Again, this is scalable. Because now, more and more applications are coming into the EKS cluster, and more and more application teams are relying on the platform team. But the platform team doesn't need to scale even if the number of applications scales, because the agent scales, and the platform team just approves pull requests. So, if we look at the architecture here, there are two input paths. One is through Slack, but it doesn't have to be Slack. As you can see, it's an API Gateway, so you're basically calling an API. The other path is through CloudWatch, and again, it doesn't have to be CloudWatch. It can be any log or any observability platform. Basically, it's about triggering an alert that contains all the error information.

Once it goes through the CloudWatch or API Gateway path, it enters Lambda. What we do in this Lambda is create an agent runtime and invoke that runtime. Since we are using multiple agents here, we are using a swarm pattern with an orchestrator. What happens is the orchestrator receives a request from Lambda and decides which agent to invoke. We have multiple specialist agents: Confluence, Jira, PR, and an AWS agent. The PR agent is responsible for creating branches, executing pull requests, and all that stuff. The AWS agent has all the tools to go into the AWS account and inspect the AWS account. As I mentioned earlier, it's like an EKS MCP server. This is the high-level architecture.

Then there's the agent core memory, and what happens with this is that every time a request comes in and a root cause is identified, that part is stored in memory.
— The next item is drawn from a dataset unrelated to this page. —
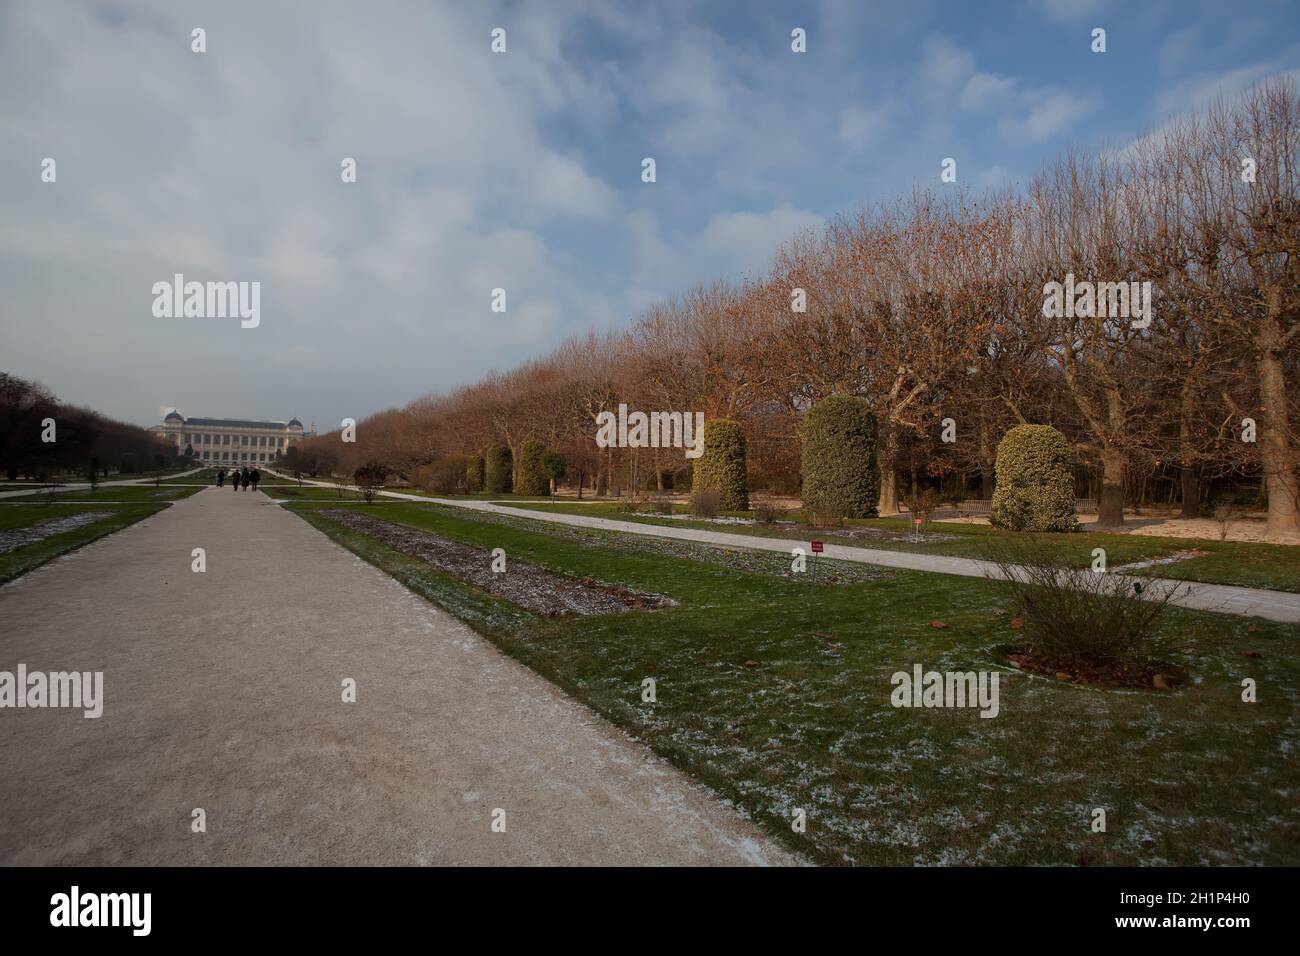 Luxembourg Jardin Des Plantes Paris High Resolution Stock Photography and  Images - Alamy

So next time a similar request comes, the agent learns, or the agent knows what worked well before. And based on that, it can do a better job. And of course, agent observability, which is everything that happens here. OpenTelemetry logs are sent to CloudWatch. There are third-party tools, but we found that simple CloudWatch was sufficient. It's not great for log display, but if you're willing to spend time in the logs, you can track it.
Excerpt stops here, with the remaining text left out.